I’ve just finished reading Dark Matter by Bruno Rothgiesser.
TLDR: read it if you haven’t yet. The unique atmosphere and unsettling paranoia of Dark Matter make it perfect for those looking for a philosophical scifi story. Highly recommend.
Review. No spoilers
We live in an over saturated world. Shock content isn’t shocking anymore, and while it gives more creative freedom to writers, it tends to pull the attention away from the core ideas. And scifi is all about ideas.
There is a tremendous weight in low-contrast language and there is tremendous value in content that doesn’t shock. It makes you watch out for fine details.
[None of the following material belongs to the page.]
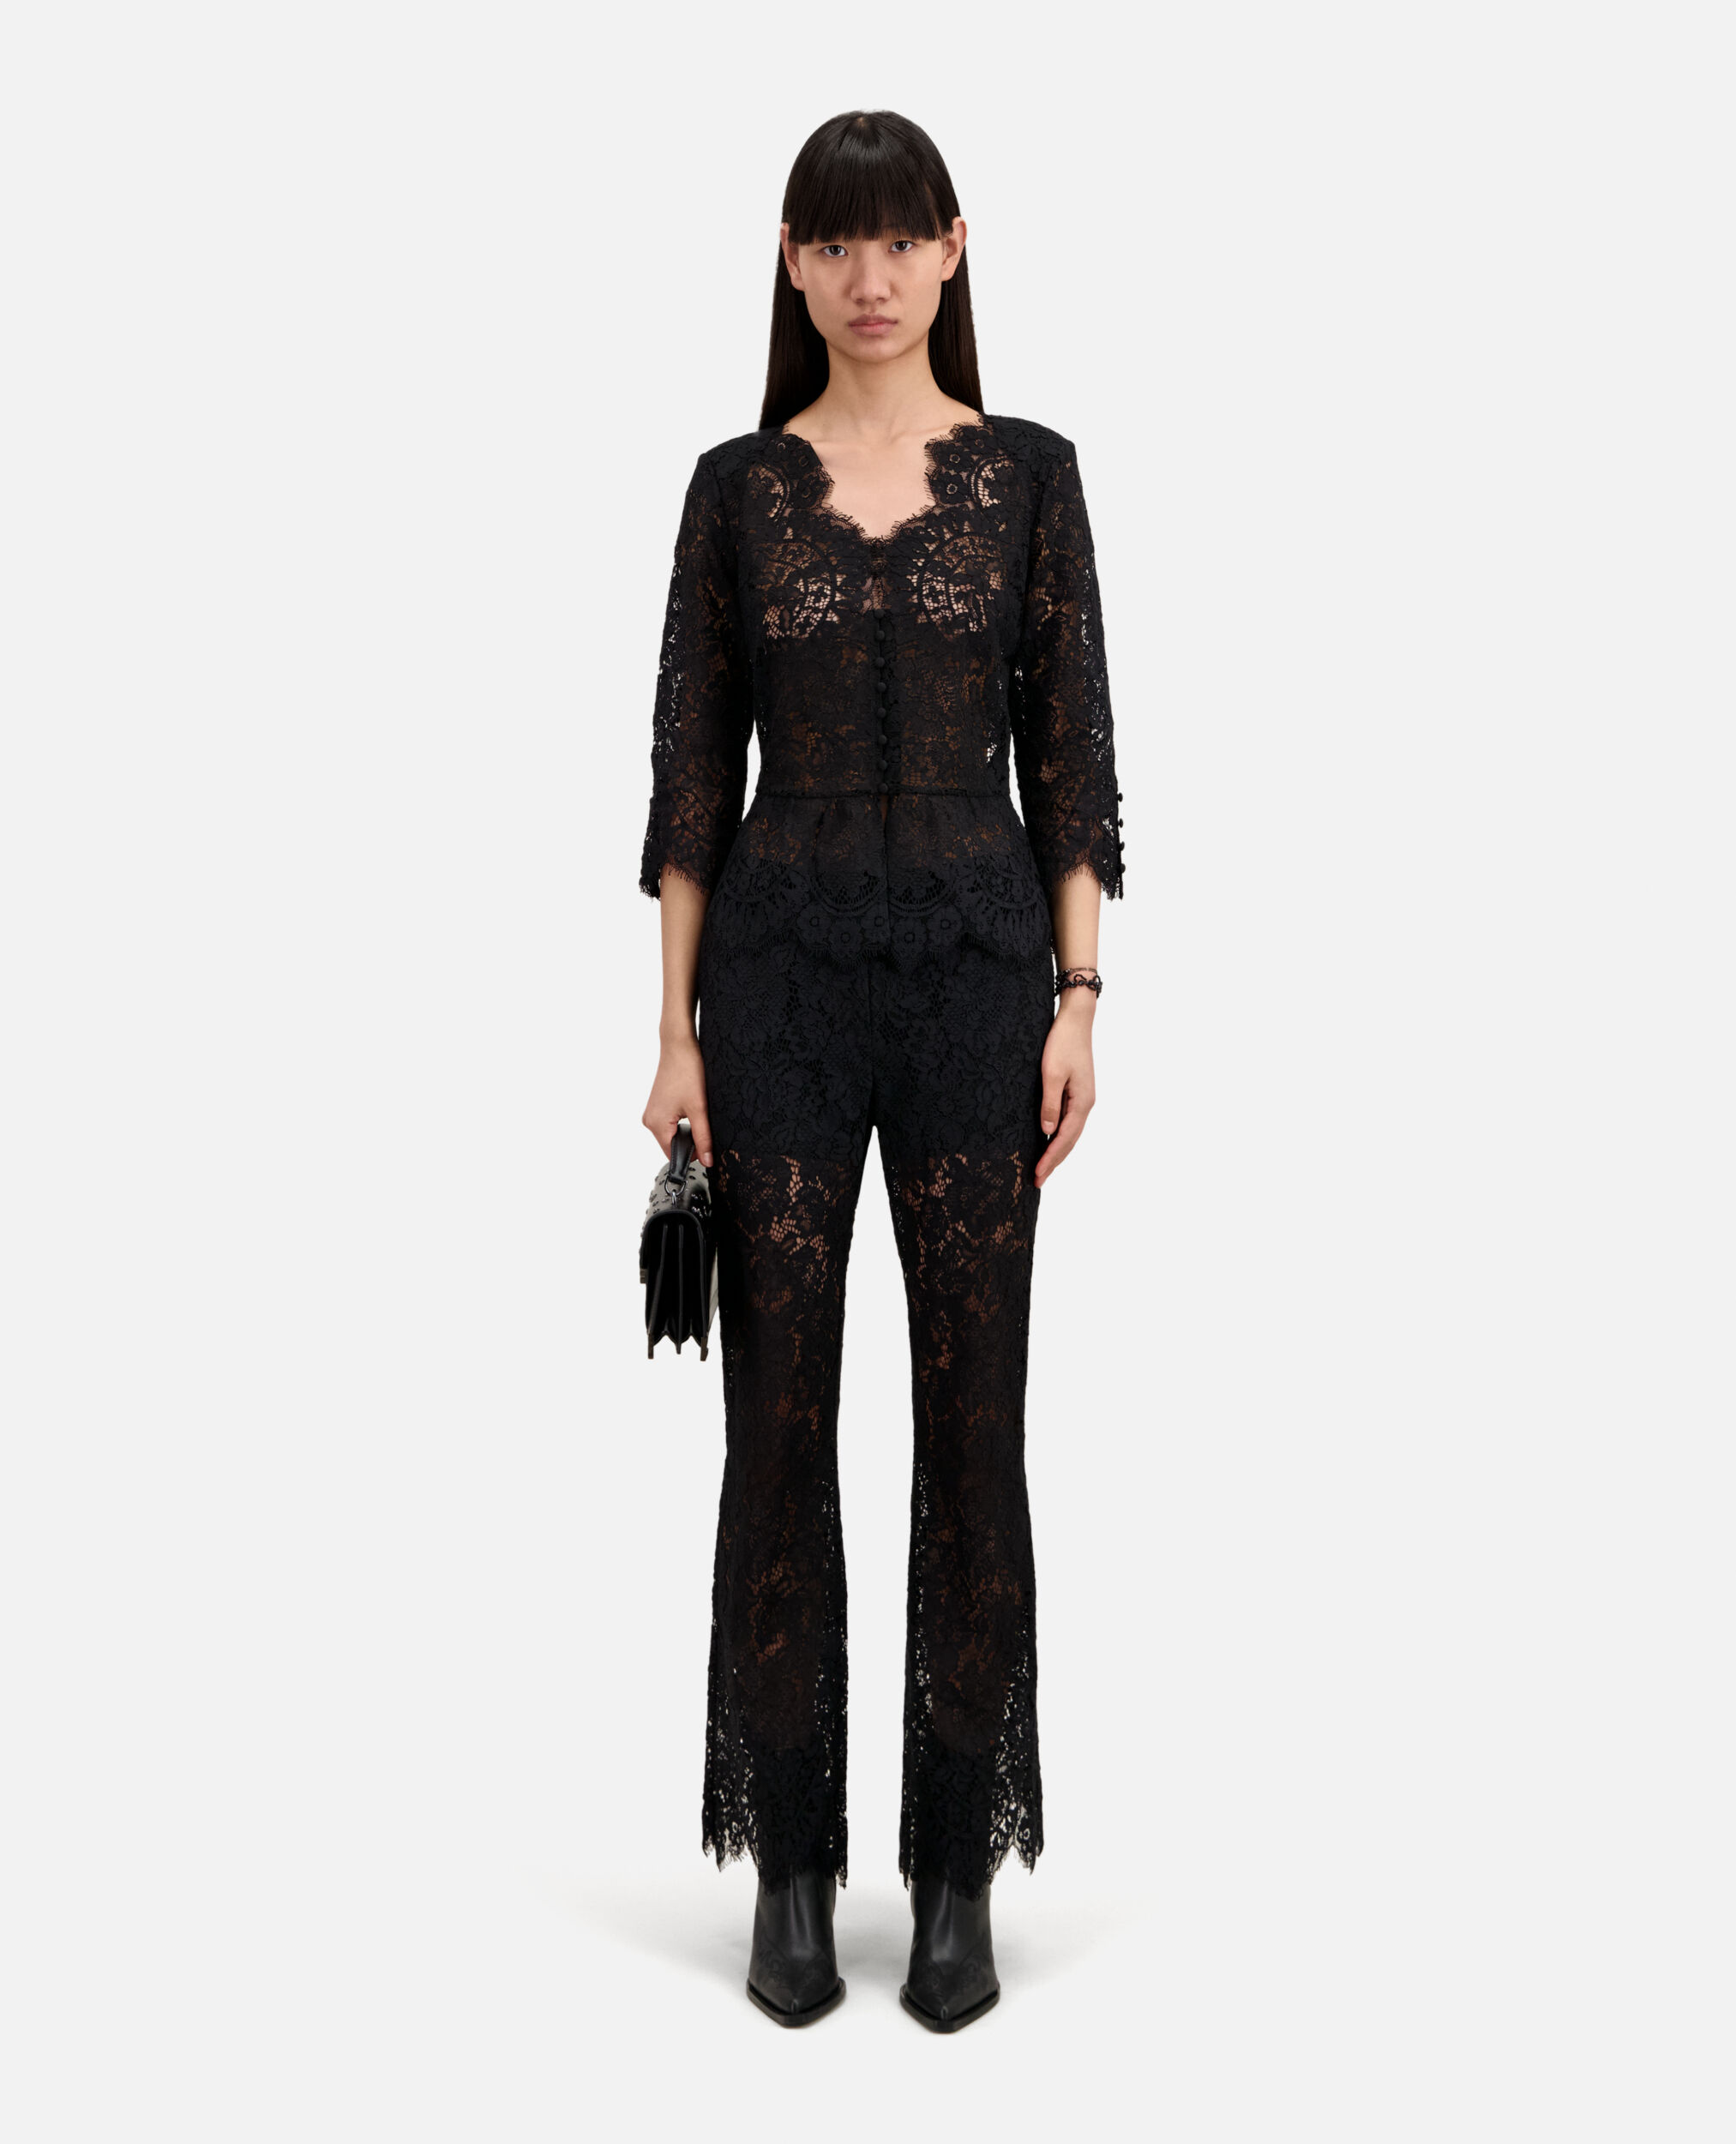 Black lace trousers, BLACK, hi-res image number null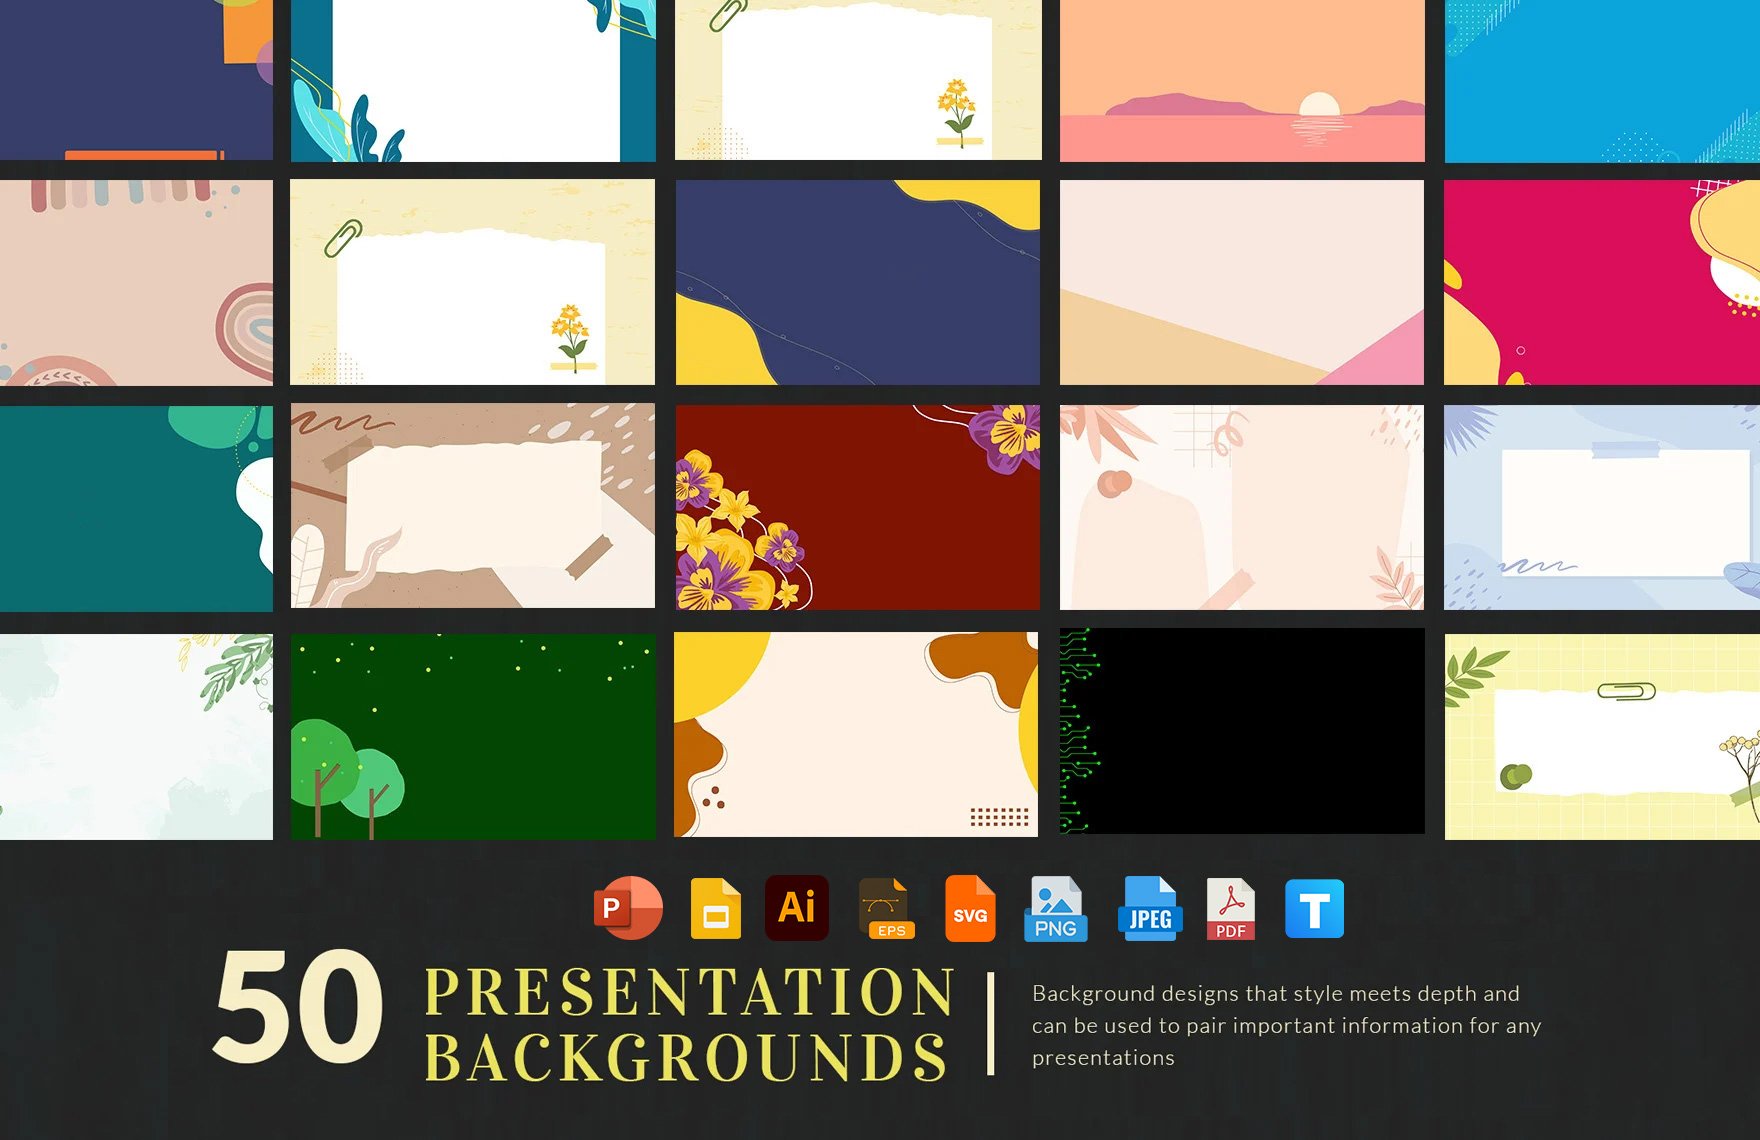 Free Backgrounds Template

Dark Matter is a clean and cerebral read. It’s a dance around the uncanny valley of robots that feel almost human. The trust is flimsy, the conversations between the human and robot characters are interrogations disguised as dialogue. The atmosphere of the book is sterile - like you are staring into an ultraviolet lamp - you eyes hurt and you don’t know why.
This is by design.
This book is unsettling and uncomfortable not because it’s gratuitous or bizarre, but because of carefully crafted paranoia present on each page. Choosing space as a setting amplifies the creepy loneliness, the claustrophobic nature of the book.
There is another layer that I’d like to point out. Without spoilers - check the narrative voice of every character POV. Check out their spoken voices. There is a crucial difference in tone which further enhances the gap between the mindset of the characters in this story.
Bruno is a technologist, and he actually understands how to relate the interaction with the AI on the page. There is a great deal of writers that talk about AI without having deep understanding or experience of what it is and how it works - at best they know it “stole something” and it “diminishes humanity”. What these writers tell, Bruno shows. Yes, AI doesn’t have any humanity - but in what sense exactly?
Read the book to discover that for yourself.